Monday 13 October 2008

Cotswold Harvest

Whoever it was that booked the weather this weekend did a splendid job. A long weekend spent harvesting apples in driving wind and rain could have made for a thoroughly miserable experience, but the sun shined and it proved to be a memorable weekend in a beautiful Cotswold orchard.

Harvesting a ton or so of apples by hand is a very labour-intensive and back-breaking way to fill the cider press, but there are a few advantages which make it worth the additional effort. Despite the hard graft, it can be a very pleasant way to spend a day, particularly if willing helpers are on hand to lighten the load. Karen put in a very long day on Saturday, and brother Paul and sister-in-law Susan will no-doubt be feeling the pain from the Sunday harvesting session. It was a great effort and I'm very grateful for the help. I think everyone enjoyed the experience, and are presumably counting the days until next year's picking weekend...

Perhaps the biggest advantage of hand picking our apples is the chance to avoid any rotten, damaged, or unripe fruit. We can also avoid the excessive mud, leaves and twigs associated with mechanical harvesting, and this should make the cleaning process far easier.

Ripe cider apples are quite robust, and the traditional method of harvesting involves shaking the fruit down from the tree and collecting from the orchard floor, a hard but very effective method of clearing an orchard. So armed with long 'panking' poles, buckets, bags and a large tarpaulin, we moved swiftly through the orchards selecting only the best bittersweet cider apples to shake down, and a few precious perry pears. The steady stream of walkers on the adjacent Cotswold Way footpath seemed to appreciate our efforts, a rare glimpse of a genuine rural tradition, albeit with a modern fibreglass pole and a Lidl apple picker!

The poles need a little more thought as neither of them lasted the weekend intact. They really are essential tools in an old traditional orchard like this where most of the trees are on tall 'standard' rootstock. The perry pear trees are even taller, and much of the fruit is beyond the reach of even our longest pole.

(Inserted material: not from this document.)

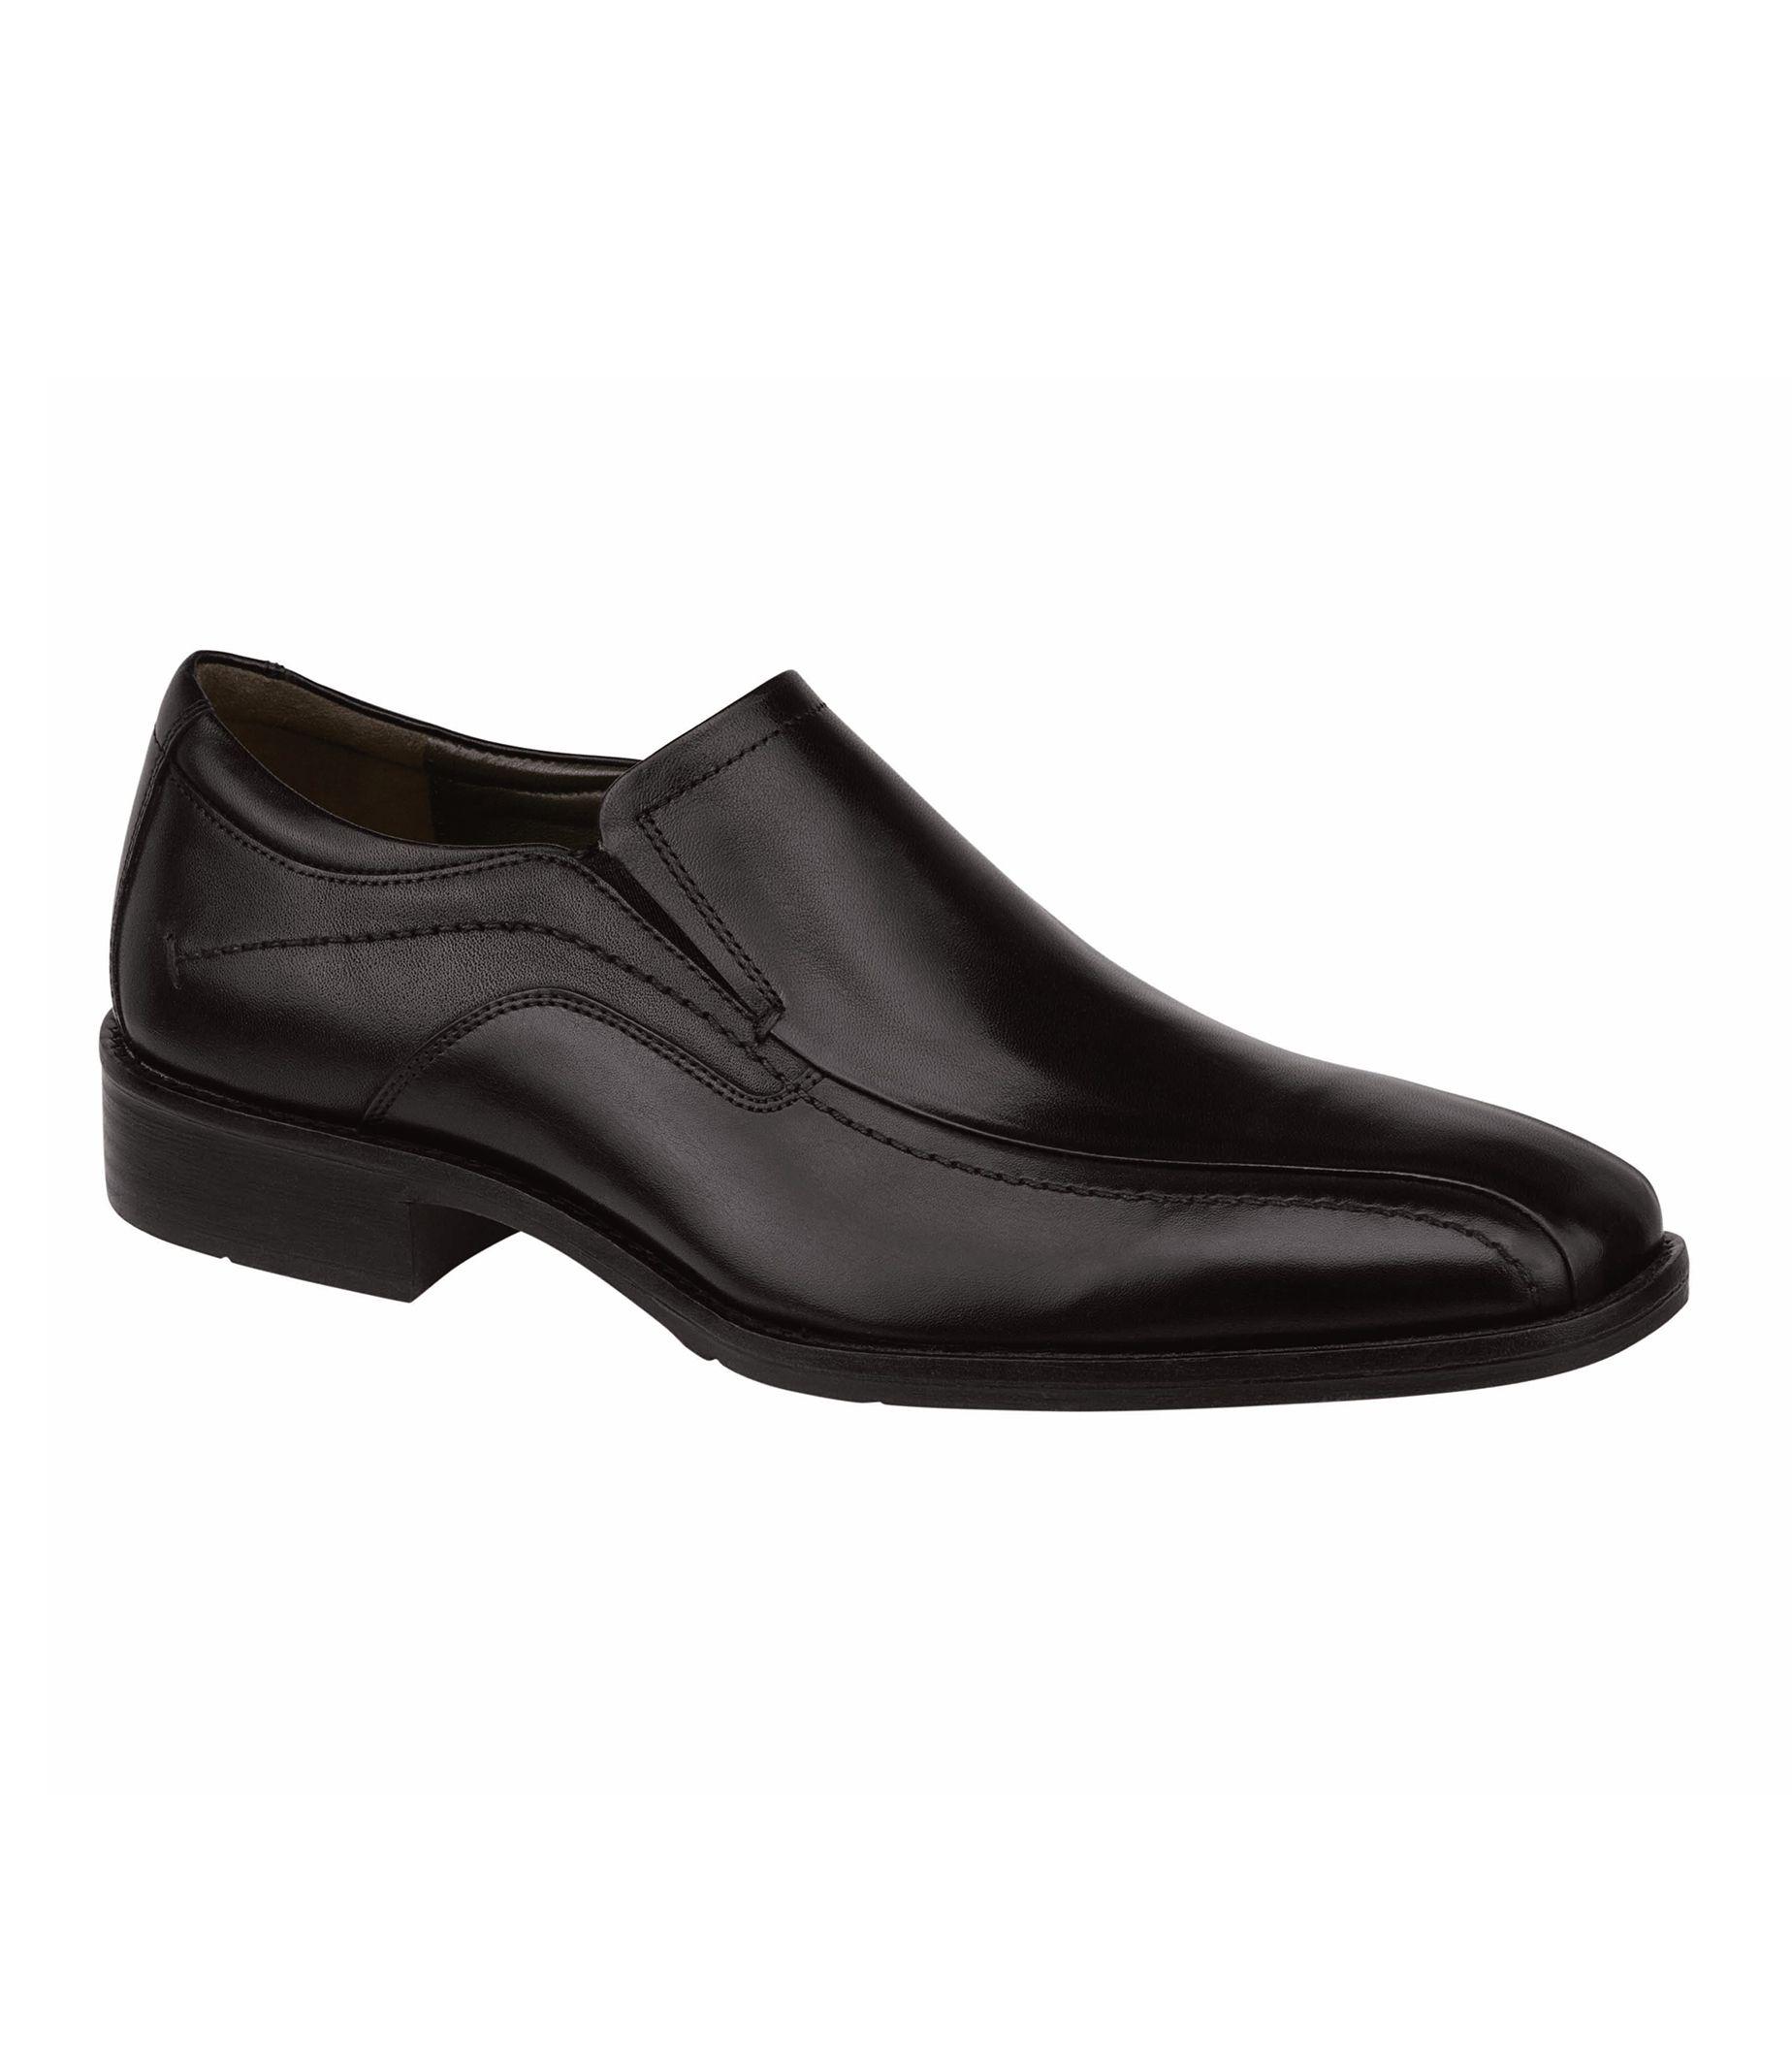 Larsey Runoff Moc Venetian Shoe by Johnston and Murphy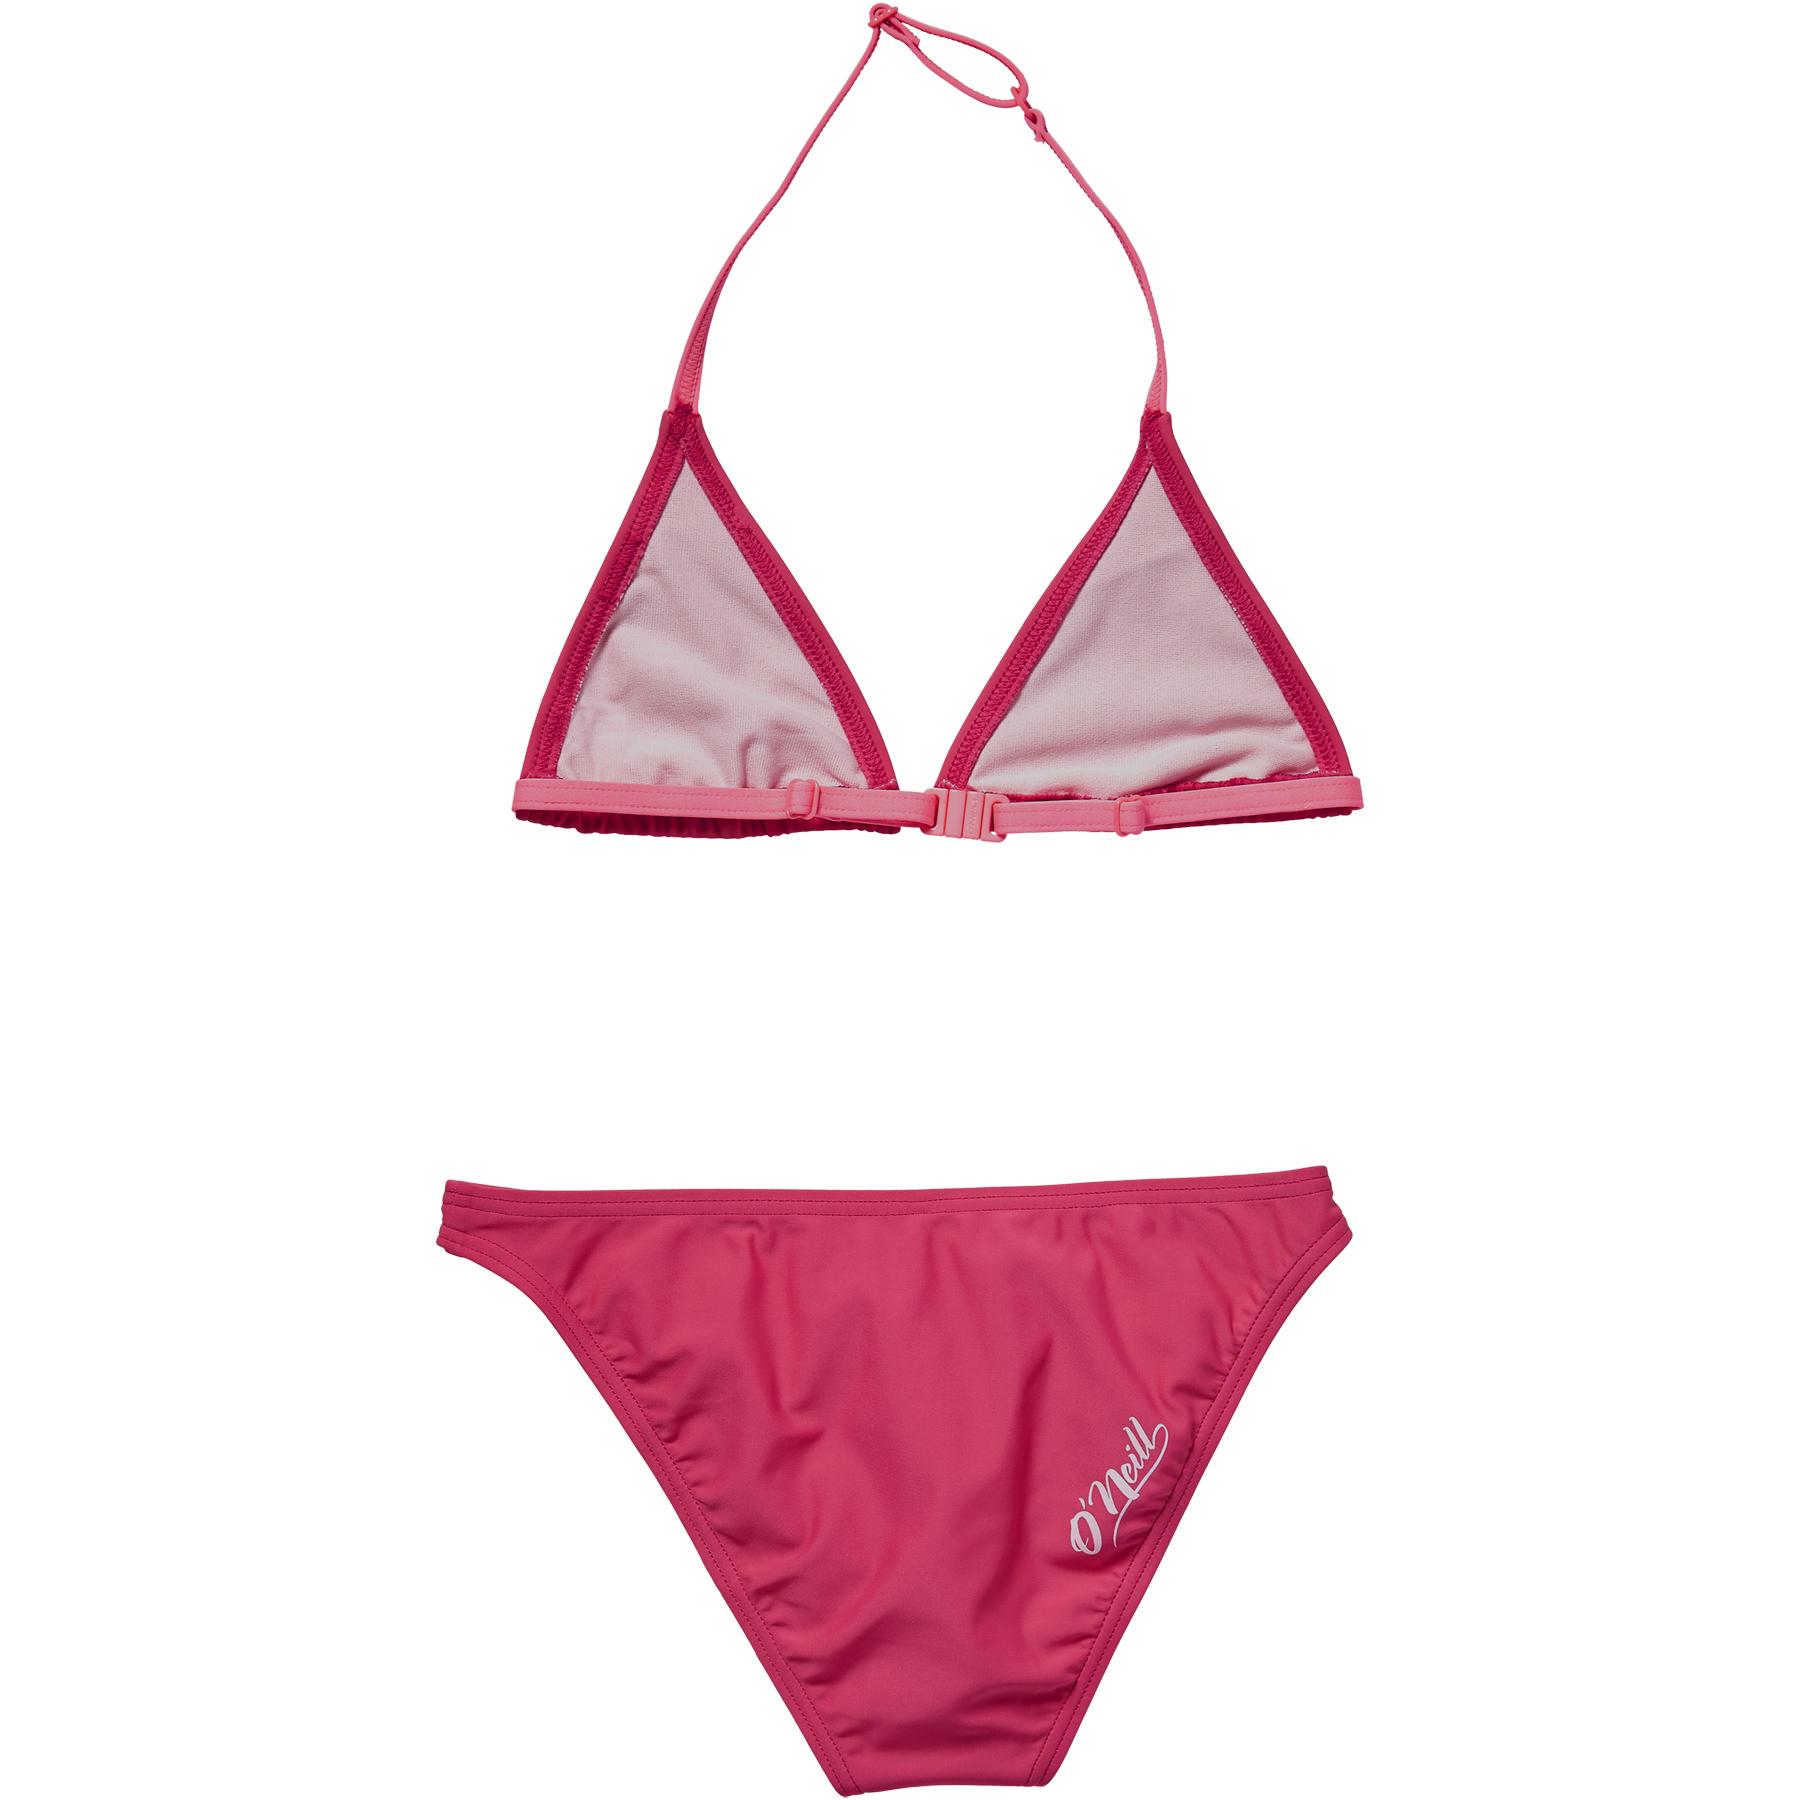 ONeill Structure Triangle Bikinis Bikini Fille

We were selecting our apples by taste as most of the varieties were a mystery to us. Bittersweet cider apples have a distinctive bitter, tanninic quality, as well as a healthy dose of sweetness. We believe we may have Dabinett, Tremlett's Bitter, Yarlington Mill, and possibly even a few small Kingston Blacks amongst several other varieties. The perry pears could be either Blakeney Red or Moorcroft, and we're hopeful there are enough of them for a single pressing. This would give us enough juice to fill a 70 litre fermenter and with luck produce a very limited quantity of Rockingham Forest Perry.